DALLAS, TEXAS - Artificial intelligence (AI) based image interpretation often fails to live up to vendor claims when installed in a clinical environment, as many clinical users have found out the hard way. Since most vendors can provide research studies showing high degrees of accuracy, why does a discrepancy exist? The answer generally relates to the data and process used to train the AI. Independent third-party groups must thus verify AI algorithms using recent clinical data.
When training any AI algorithm, the most crucial element is good data. Training with flawed, incomplete, or biased data leads to a poor outcome. One common problem is that available datasets do not represent the population on which the AI is used. Different device manufacturers produce tremendous variations in the Digital Imaging and Communications in Medicine (DICOM) data files.
This difference means that an X-Ray, computed tomography (CT), or magnetic
resonance imaging (MRI) acquired on a gastric emptying machine is very
different from one taken on a Philips or Siemens device.
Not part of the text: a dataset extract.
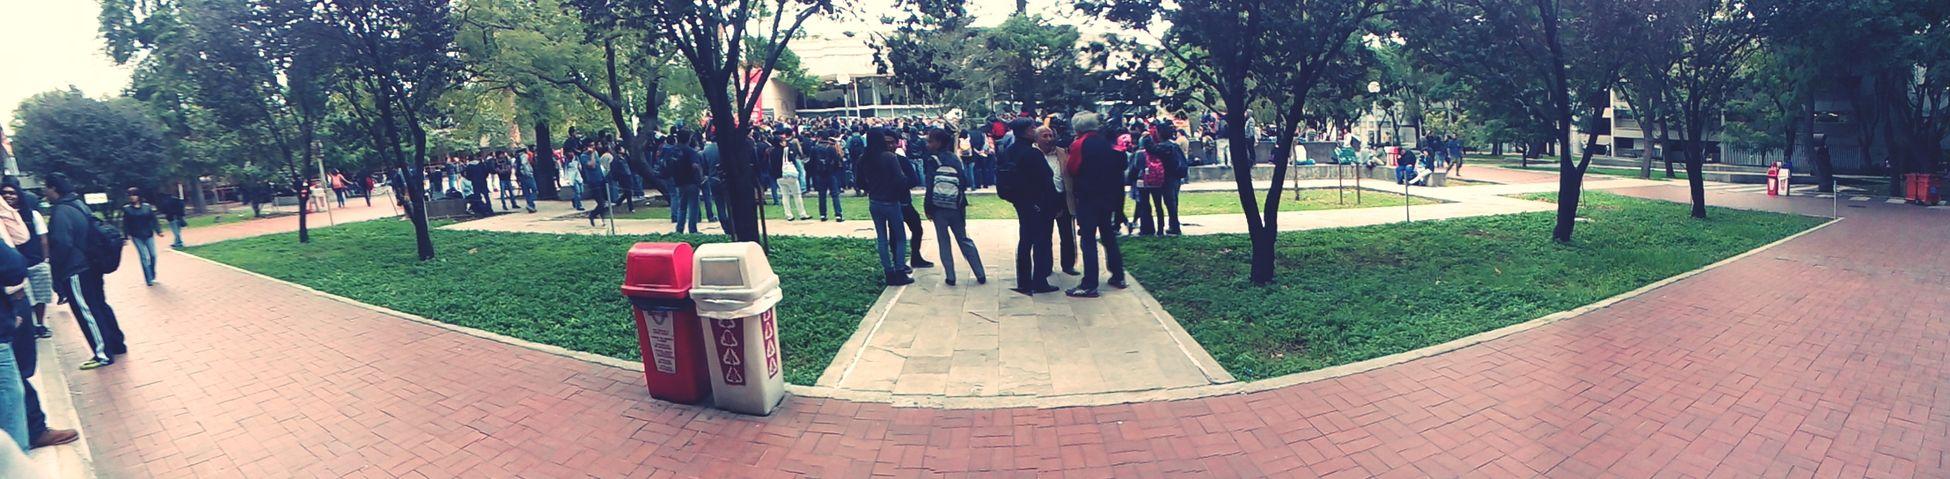 University assembly. No más muertos. Ayotzinapa vive. University Nosinfiltramosnoslevantamos Babylonfading People fighting

The differences are
not generally appreciable to the eye, but many layers of the DICOM image are
not displayed. The AI algorithm sees all of the data and may be confounded when
presented by a new manufacturer.
Similarly, the techniques of the radiographer taking the images can vary greatly between institutions in placement, orientation, and rotation of the imaged anatomy. When a high percentage of images used for training AI are of the same manufacturer or similar techniques, an inherent bias is present in the data. Datasets should match the age range of patients, a recent study by the American Journal of Neuroradiology (AJNR) suggests.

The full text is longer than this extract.